А он вел себя как обычно. Была у него на пароходе буфетчица Нюра — милая женщина лет тридцати. Шах — агент Клавдии — невзлюбил Нюру. «Боюсь я твоего зверюгу», — говорила она. И не зря. Однажды, когда они мирно забавлялись в каюте, откуда-то сверху бросилось на них черное тело с растопыренными когтями. Исцарапал, искусал котище их обоих.
После того в одном из портов продал Федор кота-шпиона французскому матросу с помпоном на шапке, соблазненному редкостной мастью. И взял-то всего ничего. Вернувшись в Ленинград, соврал Клавдии, что кот сбежал сам, пленившись роскошной жизнью за рубежом.
А Нюра после происшествия в каюту к нему больше не заходила. «Кончен бал, погасли свечи», — сказала.
Ну что за ерунда помнится? Какая-то Нюра, какой-то Шах...
Лежать было мучительно. Выйти, выйти, выйти из своего тела! Оставить его лежать, а самому выйти.
Физической боли не было. Все тело — как будто под местным наркозом. Но лучше бы уж она была. Боль — это жизнь.
Тоска — это не боль. Это хуже боли.
Он спасался от тоски, уходя в детство. Но и оно было на исходе — вот-вот кончится. Кончилось, в сущности, когда переехали в Петербург.
7
Почему переехали? Он этого толком не знал. Какие-то неприятности с папой. Отрывки разговоров: папа был «красным», его выследили...
Папа — красный? Странно. Красным-то он его никогда не видел. Скорее жемчужно-желтым, под стать его редеющей шевелюре. «Красный». «Выследили». Вроде страшной сказки.
Причиной были какие-то «опасные связи», как, смеясь, пояснял папа. «Опасными связями» были, наверно, чужие дяди, эстонцы и латыши, приходившие ночевать. Мама сама стелила им постели, взбивала подушки, любовно похлопывая каждую по животу маленькой, но сильной ладонью.
Все это он подслушал в разговорах старших. Начал, значит, уже подслушивать. Из тех же разговоров узнал, что папин с мамой знакомый, Лев Львович (Федя с Варей его звали «дядя Лилович»), обещал в столице какую-то «протекцию».
Собрались, уехали. Дорога совсем выпала из памяти.
Первое впечатление от Петербурга — серость. Все было серым: и дома, и небо, и мостовые. Шел дождь, вещи мокли на перроне, Федя с Варей жались к маме под зонтик. Со спиц текла вода. Это, верно, и была «протекция»...

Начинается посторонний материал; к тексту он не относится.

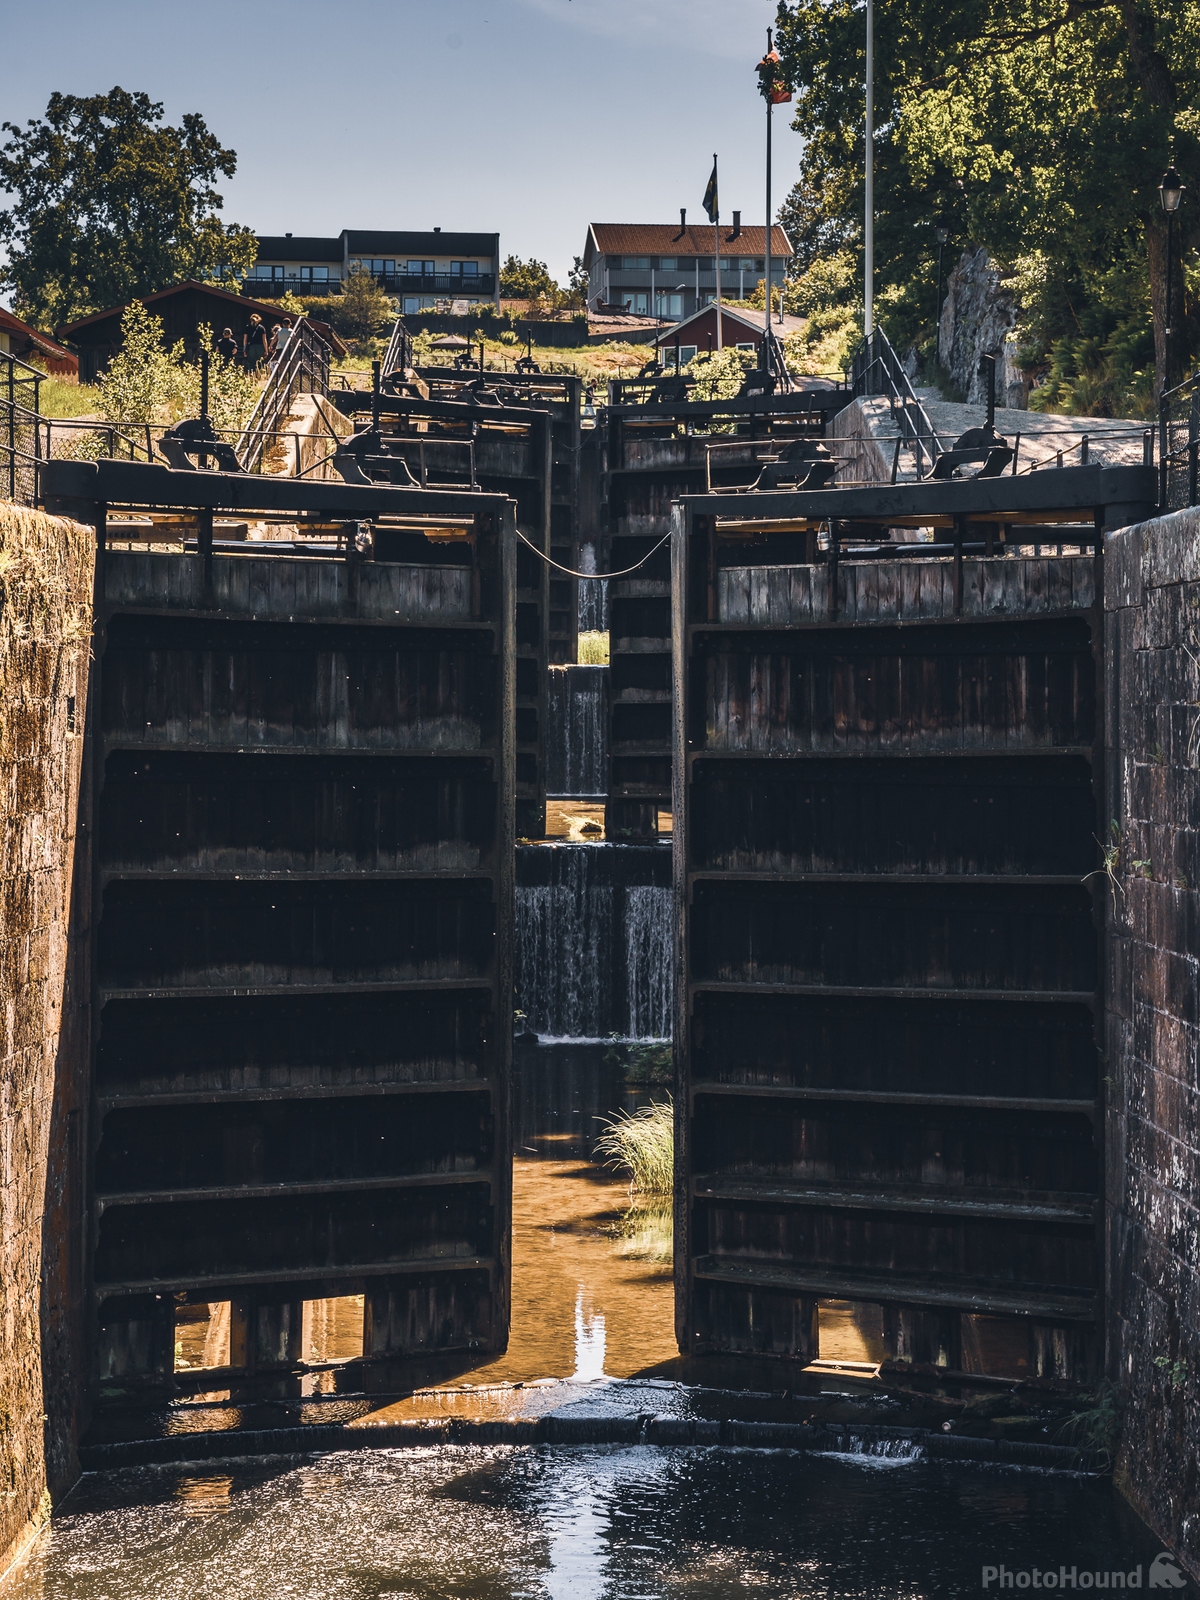 Image of Trollhättan - canal locks by James Billings.

Новая, необжитая квартира, где так неуютно вещам. Жмутся друг к другу, холодно им. Окна — на улицу, низко, почти на уровне тротуара. Блестит мокрый булыжник. Ломовики, телеги, скрип колес, цоканье подков. «Но!» — крик возницы. Он бородат, неприветлив.
На углу вывеска: «Ф.М. Уваров. Дамский портной». Тускло-золотой крендель: «Булочная и кондитерская». Из водосточных труб хлестала вода. Мокрые голуби хохлились...

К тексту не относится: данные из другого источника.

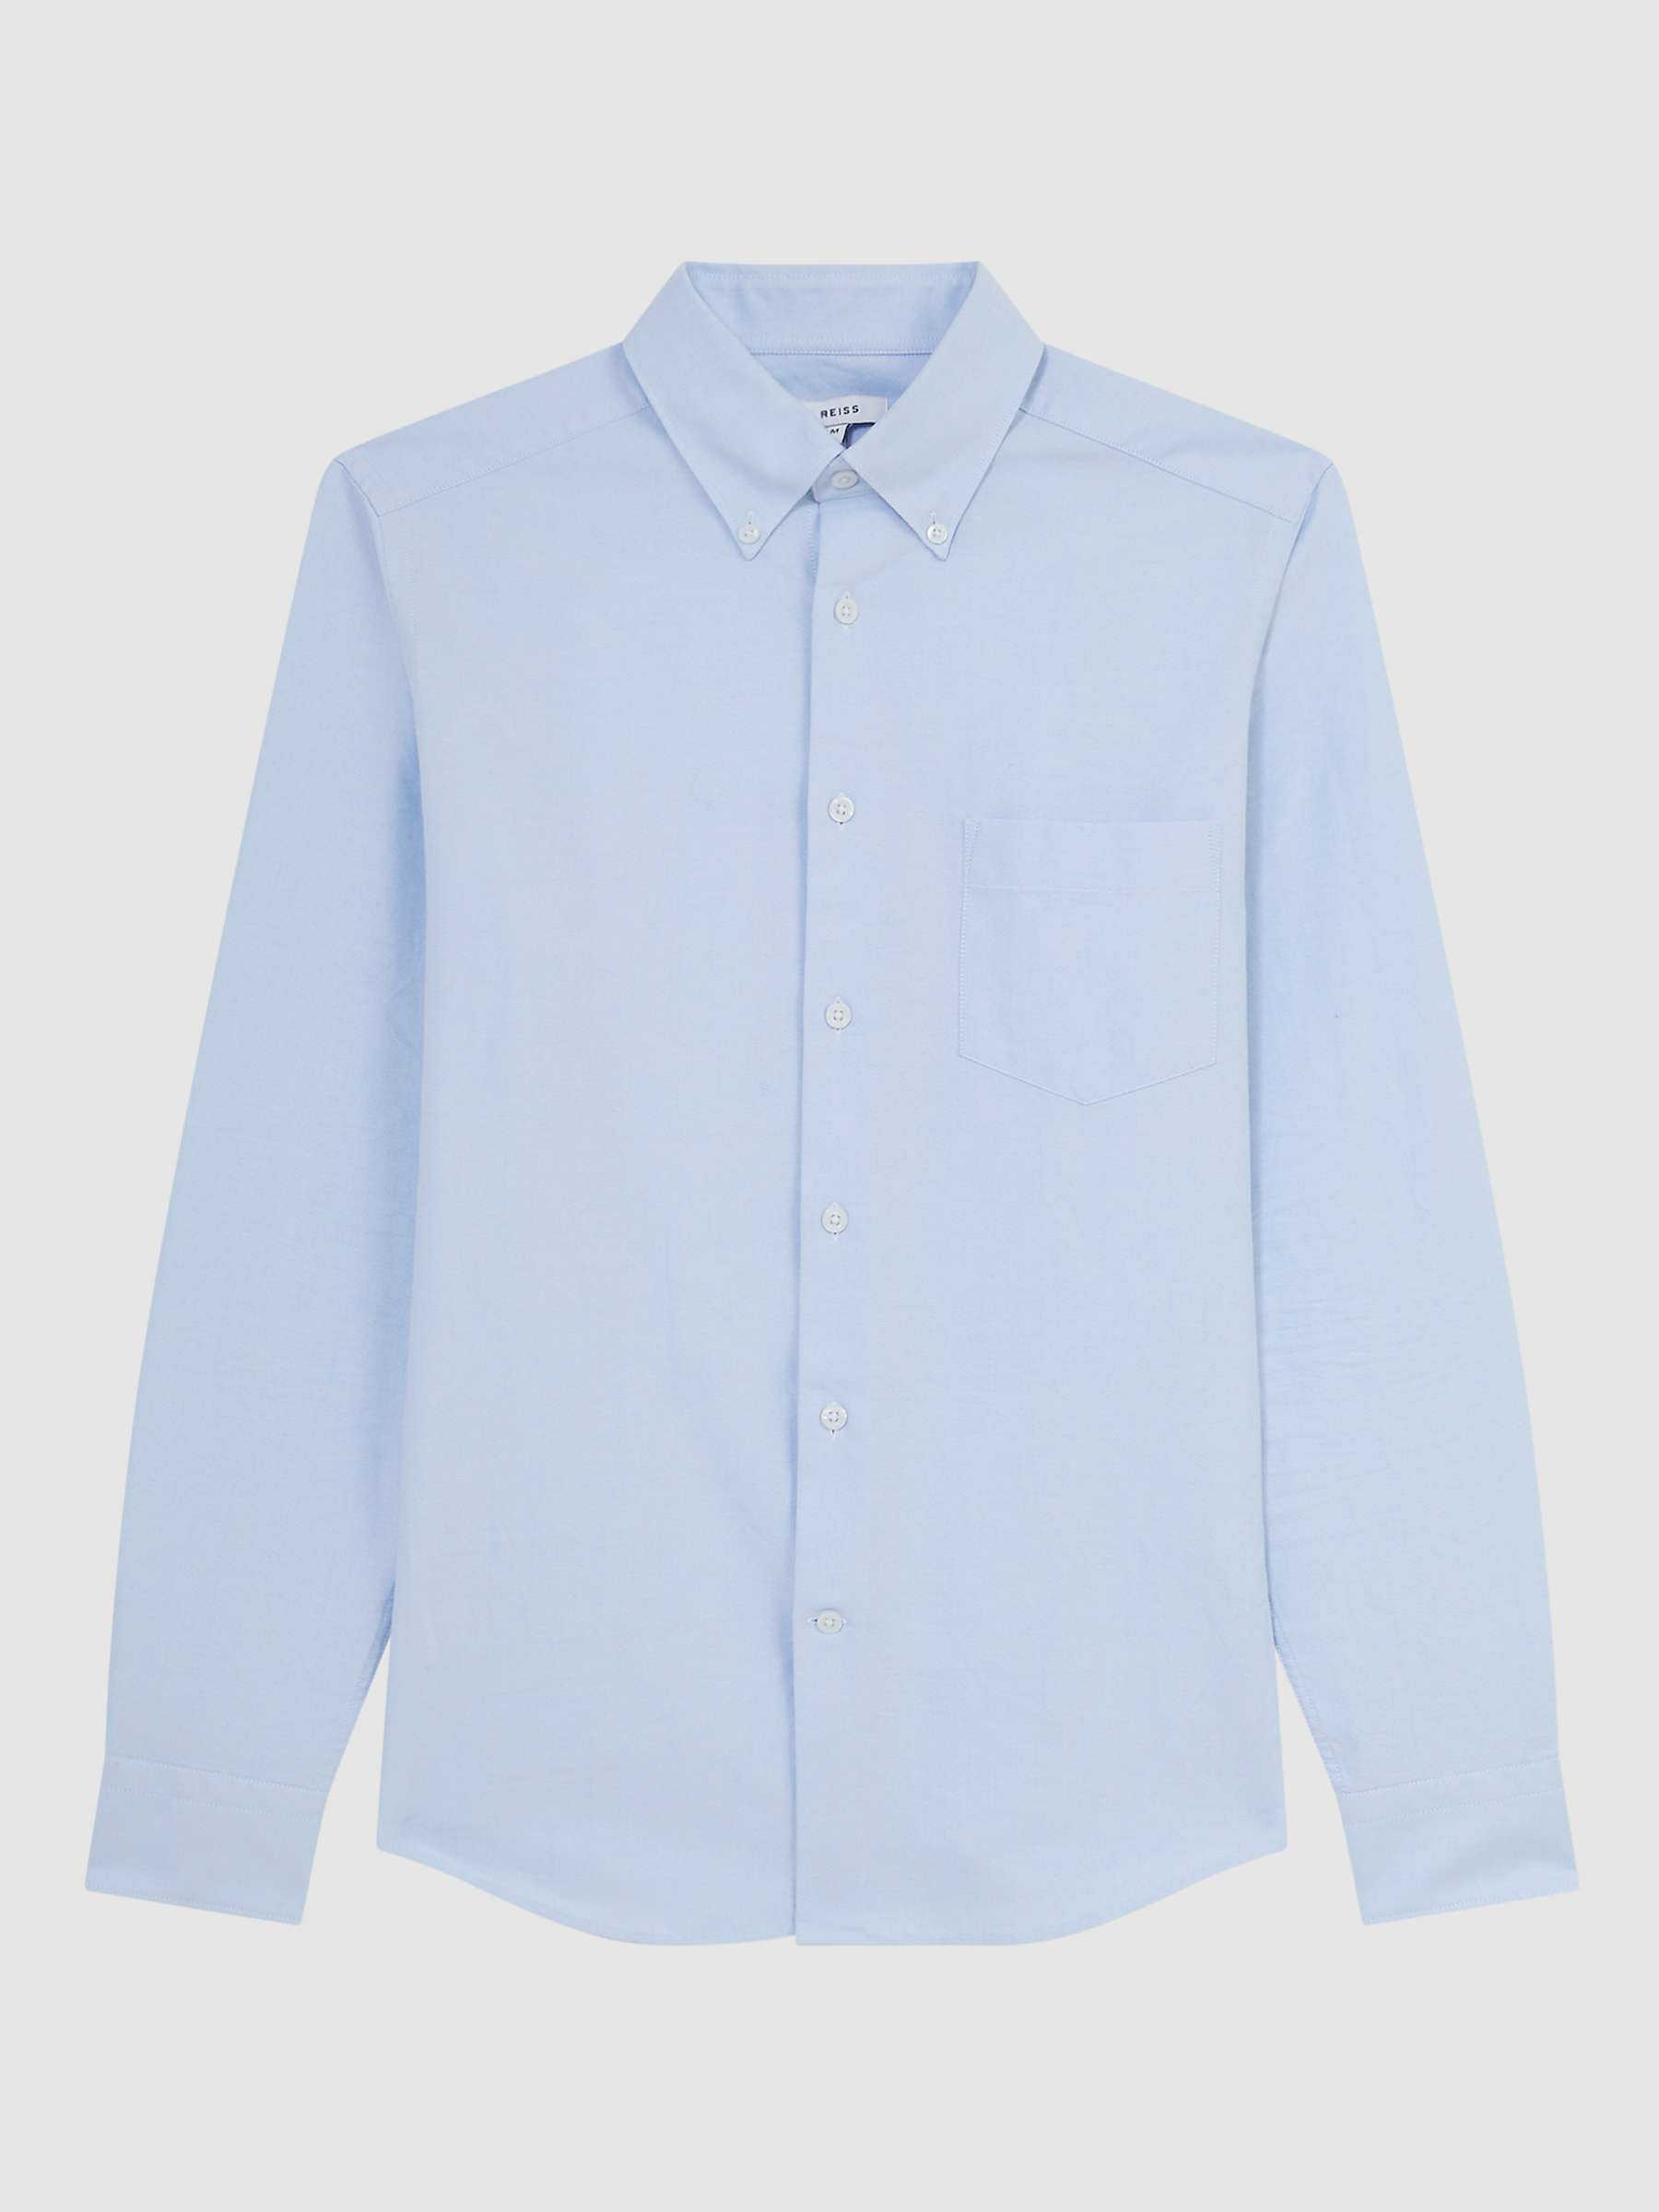 Reiss Greenwich Long Sleeved Shirt, Soft Blue at John Lewis & Partners

Не полюбился ему Петербург. Сразу — тоска по родине, по башням, каштанам, церковным шпилям. Здесь и церкви были другие — круглоголовые. И звонили-то они не так. Там — мерно, однозвучно, торжественно, все на одной ноте: дон-дон-дон. Здесь — суетливо, на разные голоса: дили-дон-дон-дон, дили-дили-дон. Мама объяснила ему, что это называется «благовест». Не понравился ему этот благовест.
Вспоминая родное, покинутое, рисовал привычные пейзажи: желтые с черной крышей, зеленые с красной дома, — хотя здесь все было замуровано в серый камень. Рисовал море с цветными парусами, толстые башни, стройные шпили... Как будто нарисованное могло вернуть все то, что любил.
Новые впечатления. Вместо привычной эстонки Зальме — кухарка Матреша, толстая, красная, лицо, как раковая шейка. Зевала, крестила рот, говорила: «Господи-батюшка, помилуй, отец, по грехам нашим». Любила петь песни. Одна — всем известная «Маруся отравилась». Другая — он ее ни от кого больше не слышал, кроме Матреши. Мотив с завитушками, а слова такие: «Любила я, страдала я, а он-а-подлец-а-забыл меня». «Подлецом», видимо, был друг Матреши китаец Ходя. Длинная коса, мягкие туфли на высокой войлочной подошве, доброе, но загадочно-раскосое лицо. Ходя торговал с лотка вырезными игрушками из папиросной бумаги. Яркие — ядовито-розовые, голубые, лиловые, аккуратно сложенные гармошкой. Развернешь гармошку — и сразу шар! Интересно. А еще интереснее были зернышки, с виду невзрачные, беловатые, как лимонные семечки. Их надо было размочить в теплой воде, тогда они разбухали, становились слониками, обезьянками, человечками. Когда Ходя являлся в дом, — к Матреше в ее комнатку при кухне, — у детей, Феди с Варей, был праздник: каждый раз что-нибудь им перепадало. Ходя говорил: «Бели, далю» (бери, дарю). Кажется, это были единственные русские слова, которые он знал. Добрый! Однажды Федя прямо спросил его: «А почему вы подлец?» Китаец не понял и мелко-мелко закивал головой, как игрушечный. Были тогда в обиходе игрушки: фарфоровые китайцы. Голова, вставленная шеей в круглую дырку, не закреплена, качается. Ставился такой китаец на комод или шкаф и кивал-кивал... Точь-в-точь Ходя.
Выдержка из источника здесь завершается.